To assess the Banana Pi CM5-Pro's CPU performance, we ran our standard Rust compilation benchmark: building a complex ballistics simulation engine with numerous dependencies from a clean state, three times, and averaging the results. This real-world workload stresses CPU cores, memory bandwidth, compiler performance, and I/O subsystems.
Banana Pi CM5-Pro Compilation Times:
Run 1: 173.16 seconds (2 minutes 53 seconds)
Run 2: 162.29 seconds (2 minutes 42 seconds)
Run 3: 165.99 seconds (2 minutes 46 seconds)
Average: 167.15 seconds (2 minutes 47 seconds)
For context, here's how the CM5-Pro compares to other contemporary single-board computers:
System
CPU
Cores
Average Time
vs. CM5-Pro
Orange Pi 5 Max
Cortex-A55/A76
8 (4+4)
62.31s
2.68x faster
Raspberry Pi CM5
Cortex-A76
4
71.04s
2.35x faster
LattePanda IOTA
Intel N150
4
72.21s
2.31x faster
Raspberry Pi 5
Cortex-A76
4
76.65s
2.18x faster
Banana Pi CM5-Pro
Cortex-A53/A72
8 (4+4)
167.15s
1.00x (baseline)
The results reveal the CM5-Pro's positioning: it's significantly slower than top-tier ARM and x86 single-board computers, but respectable within its price and power class. The 2.68x performance deficit versus the Orange Pi 5 Max is substantial, explained by the RK3588's newer Cortex-A76 cores running at higher clock speeds (2.4 GHz) with more advanced microarchitecture.
More telling is the comparison to the Raspberry Pi 5 and Raspberry Pi CM5, both featuring four Cortex-A76 cores at 2.4 GHz. Despite having eight cores to the Pi's four, the CM5-Pro is approximately 2.2x slower. This performance gap illustrates the generational advantage of the A76 architecture - the Pi 5's four newer cores outperform the CM5-Pro's four A72 cores plus four A53 cores combined for this workload.
The LattePanda IOTA's Intel N150, despite having only four cores, also outperforms the CM5-Pro by 2.3x. Intel's Alder Lake-N architecture, even in its low-power form, delivers superior single-threaded performance and more effective multi-threading than the RK3576.
However, context matters. The CM5-Pro's 167-second compilation time is still quite usable for development workflows.

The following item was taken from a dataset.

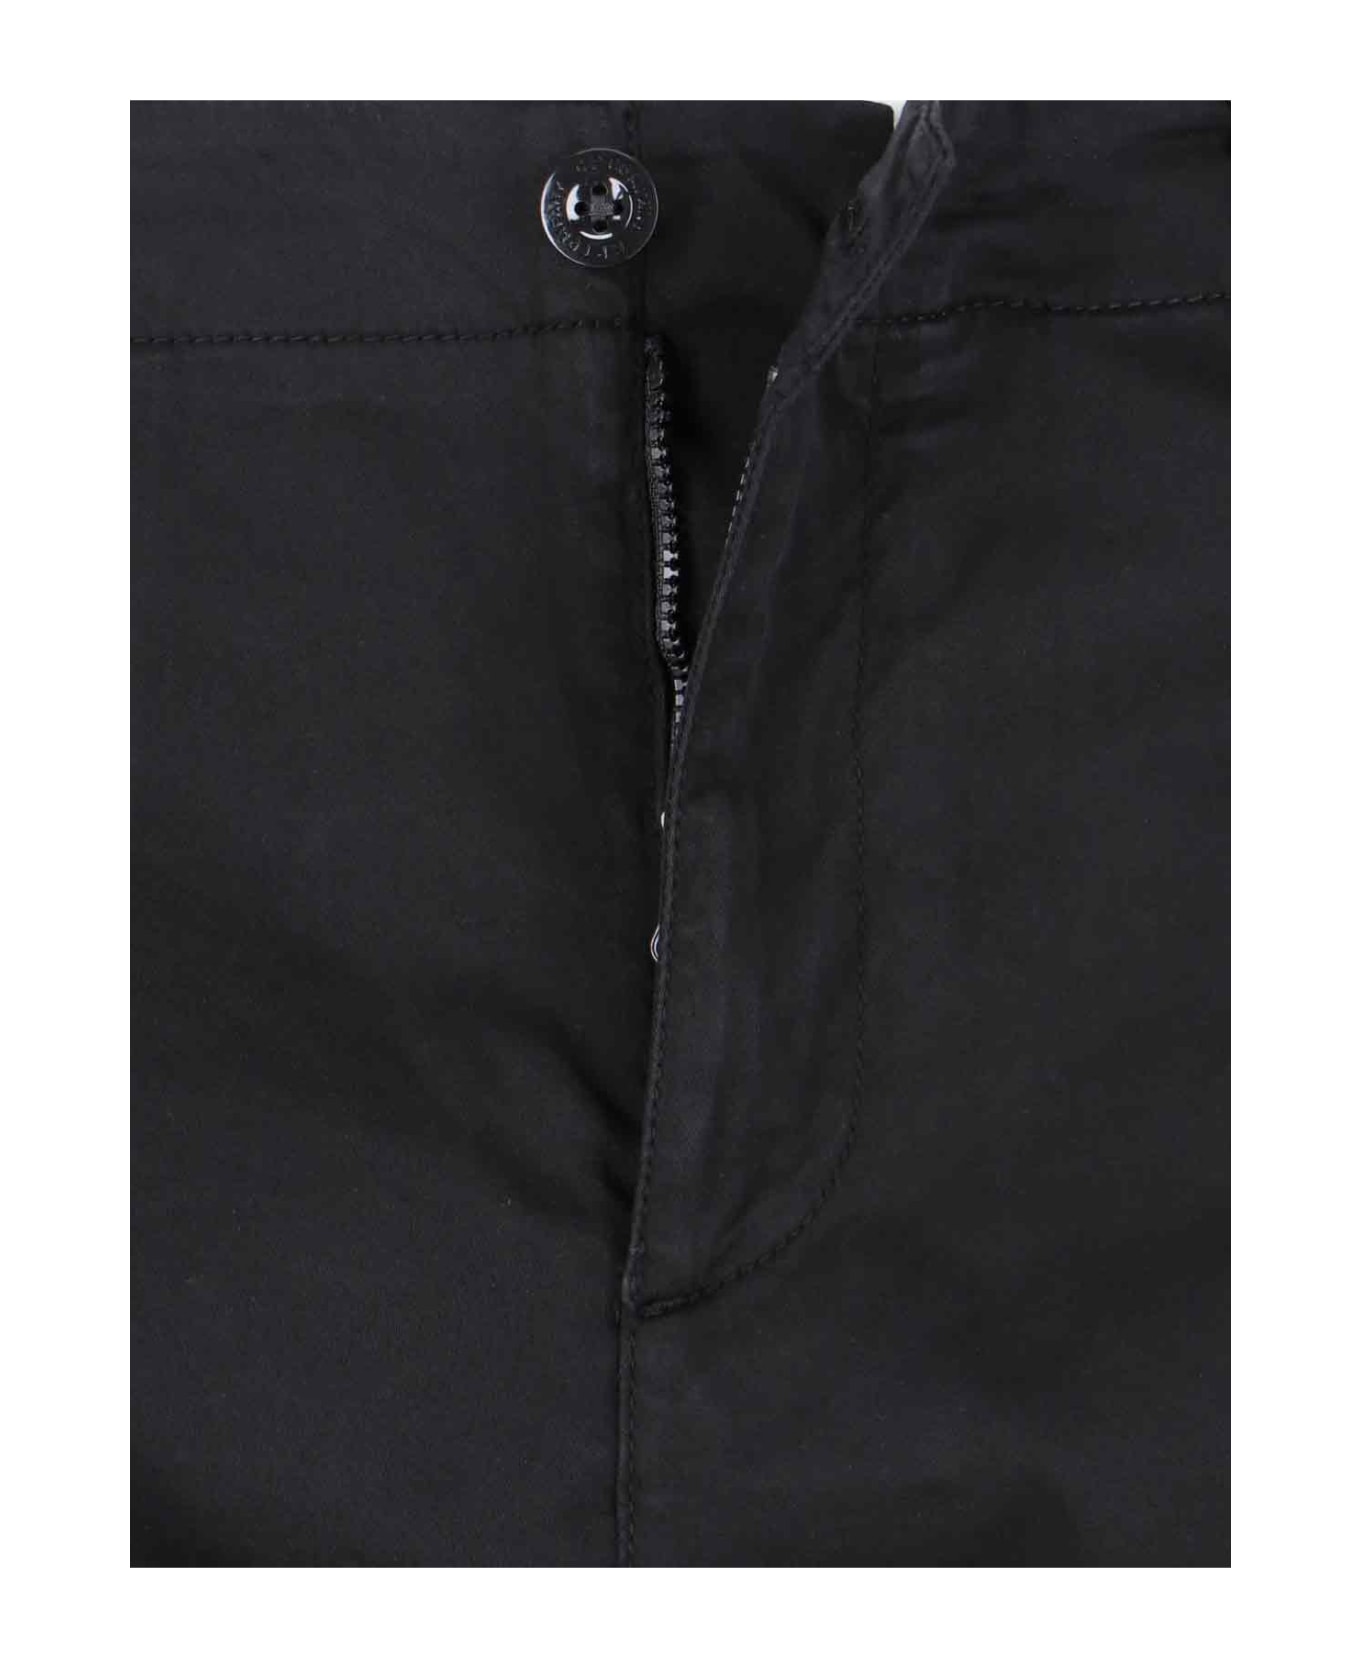 C.P. Company Cargo Shorts - Black ショートパンツ

A project that takes 77 seconds to compile on a Raspberry Pi 5 will take 167 seconds on the CM5-Pro - an additional 90 seconds. For most developers, this difference is noticeable but not crippling. Compile times remain in the "get a coffee" range rather than the "go to lunch" range.
More importantly, the CM5-Pro vastly outperforms older ARM platforms. Compared to boards using only Cortex-A53 cores (like the Horizon X3 CM at 379 seconds), the CM5-Pro is 2.27x faster, demonstrating the value of the Cortex-A72 performance cores.

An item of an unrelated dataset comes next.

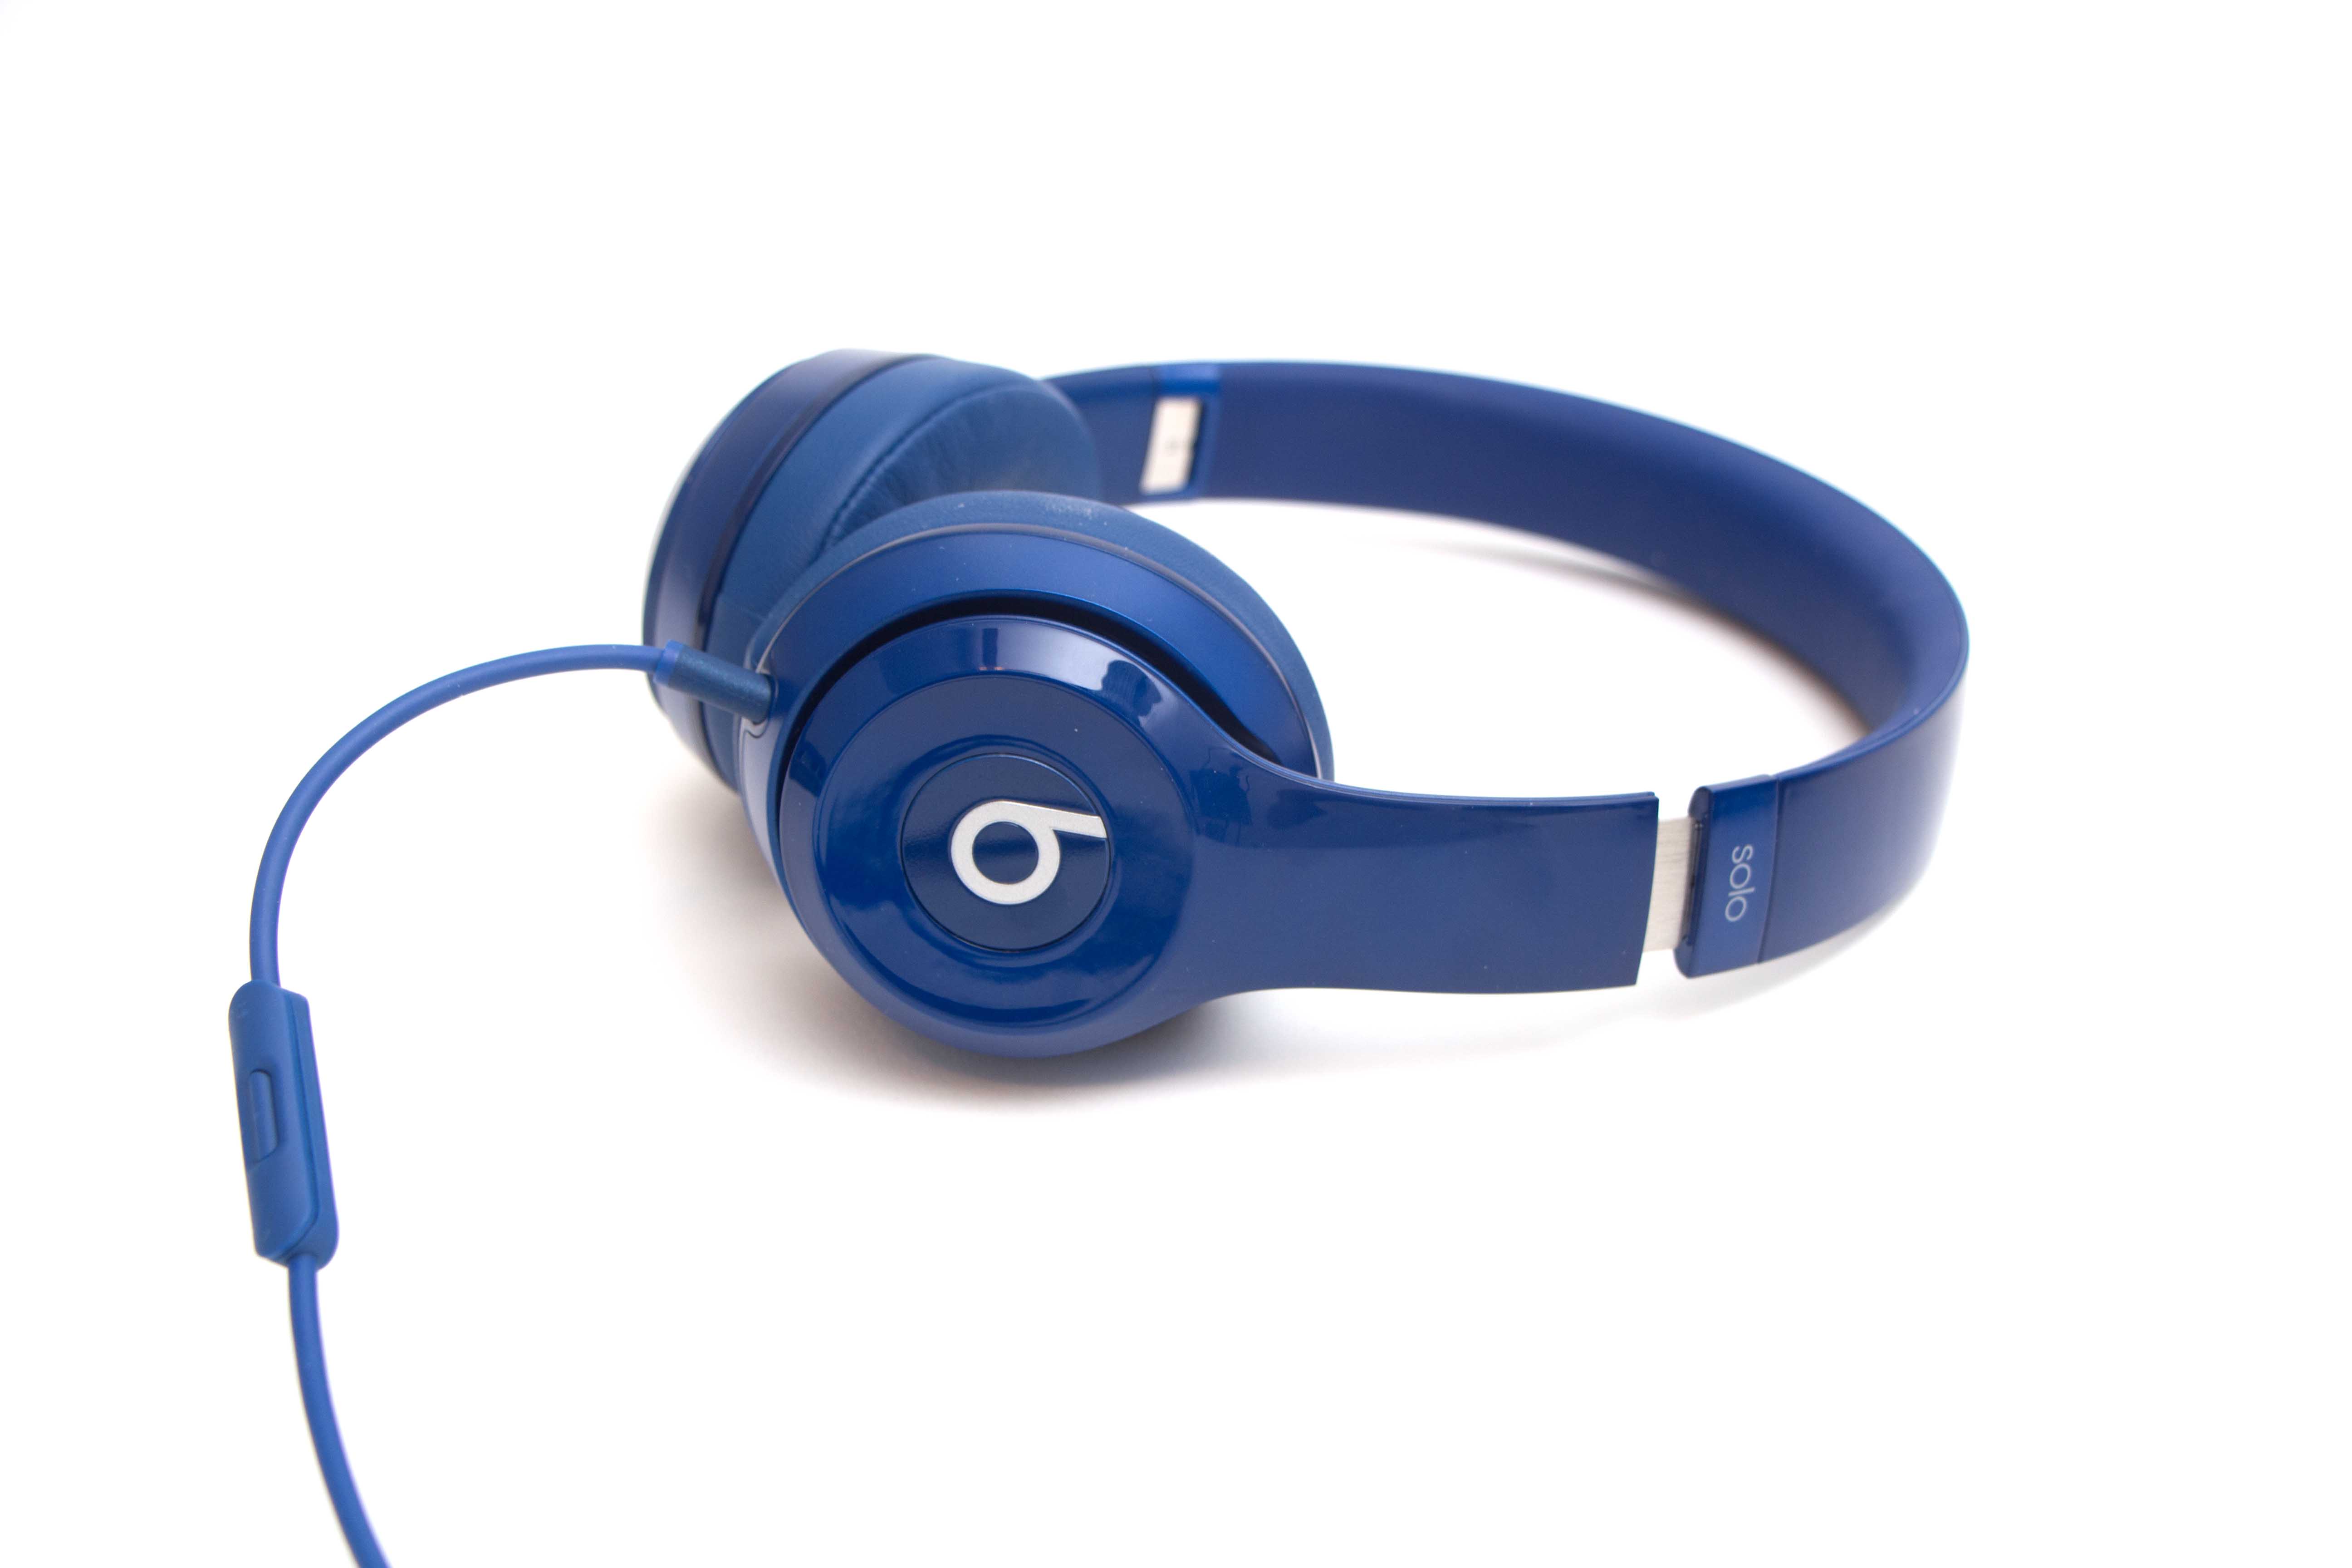 blue beats cord

Geekbench 6 CPU Performance
To provide standardized synthetic benchmarks, we ran Geekbench 6.5.0 on the Banana Pi CM5-Pro:
Geekbench 6 Scores:
Single-Core Score: 328
Multi-Core Score: 1337
These scores reflect the RK3576's positioning as a mid-range ARM platform. The single-core score of 328 indicates modest per-core performance from the Cortex-A72 cores, while the multi-core score of 1337 demonstrates reasonable scaling across all eight cores (4x A72 + 4x A53). For context, the Raspberry Pi 5 with Cortex-A76 cores typically scores around 550-600 single-core and 1700-1900 multi-core, showing the generational advantage of the newer ARM architecture.
Notable individual benchmark results include:
PDF Renderer: 542 single-core, 2904 multi-core
Ray Tracer: 2763 multi-core
Asset Compression: 2756 multi-core
Horizon Detection: 540 single-core
HTML5 Browser: 455 single-core
The relatively strong performance on PDF rendering and asset compression tasks suggests the RK3576 handles real-world productivity workloads reasonably well, though the lower single-core scores indicate that latency-sensitive interactive applications may feel less responsive than on platforms with faster per-core performance.

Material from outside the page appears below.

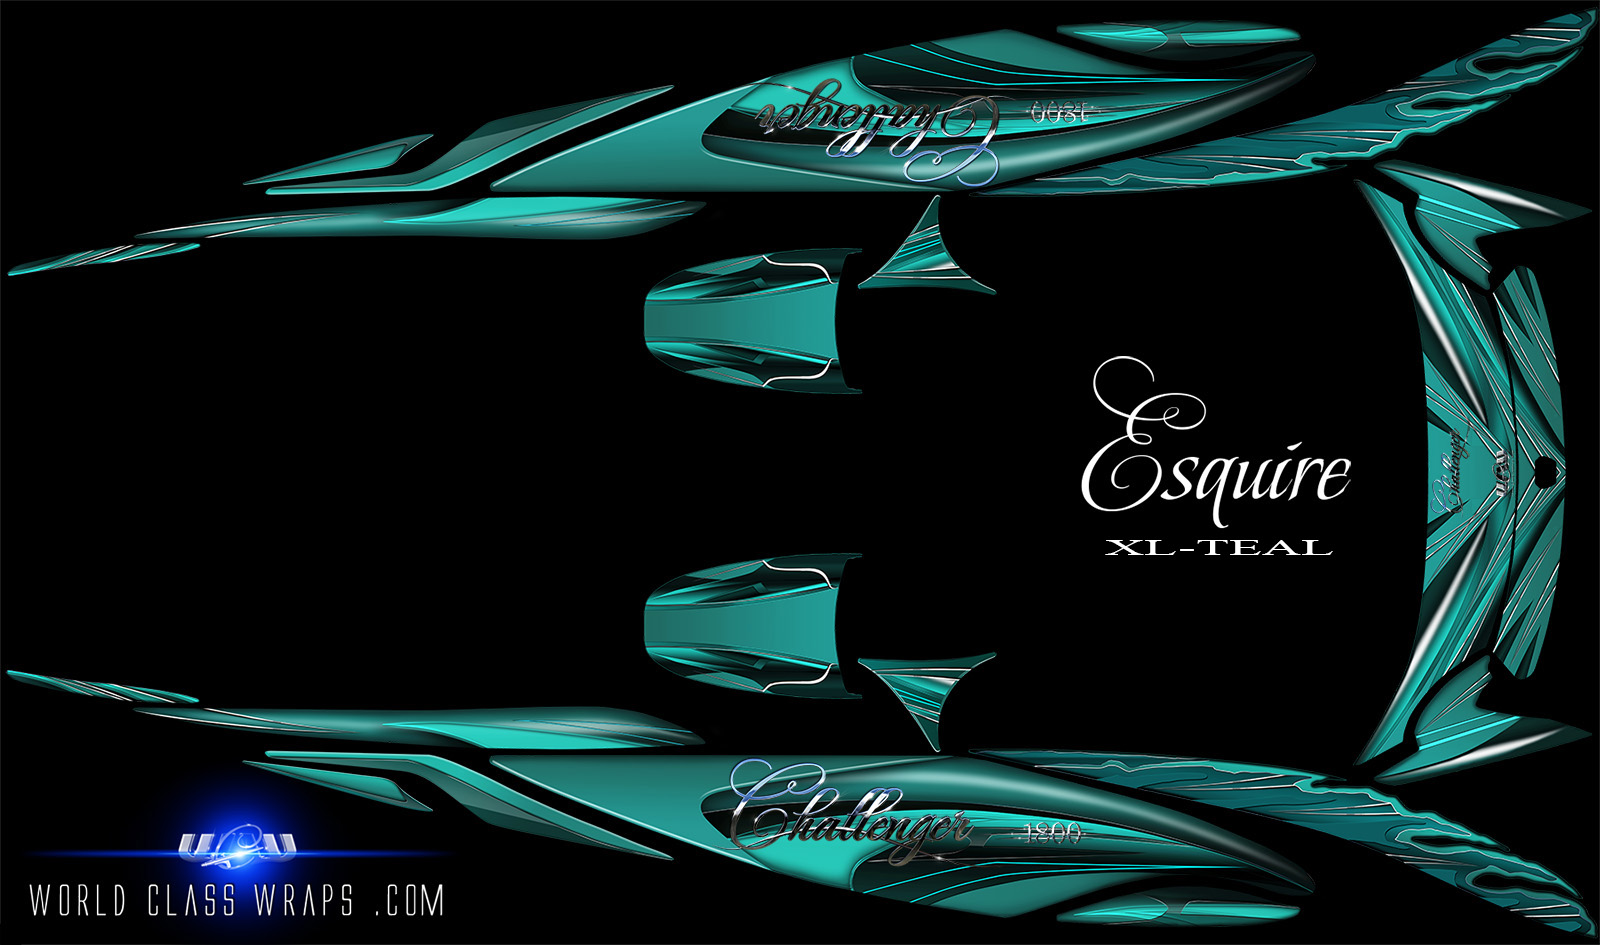 seadoo XL Esquire challenger jet boat graphics

Full Geekbench results: https://browser.geekbench.com/v6/cpu/14853854
Comparative Analysis: CM5-Pro vs. the Competition
vs. Orange Pi 5 Max
The Orange Pi 5 Max represents the performance leader in our testing, powered by Rockchip's flagship RK3588 SoC with four Cortex-A76 + four Cortex-A55 cores. The 5 Max compiled our benchmark in 62.31 seconds - 2.68x faster than the CM5-Pro's 167.15 seconds.
Key differences:
Performance: The 5 Max's Cortex-A76 cores deliver substantially better single-threaded and multi-threaded performance. For CPU-intensive development work, the performance gap is significant.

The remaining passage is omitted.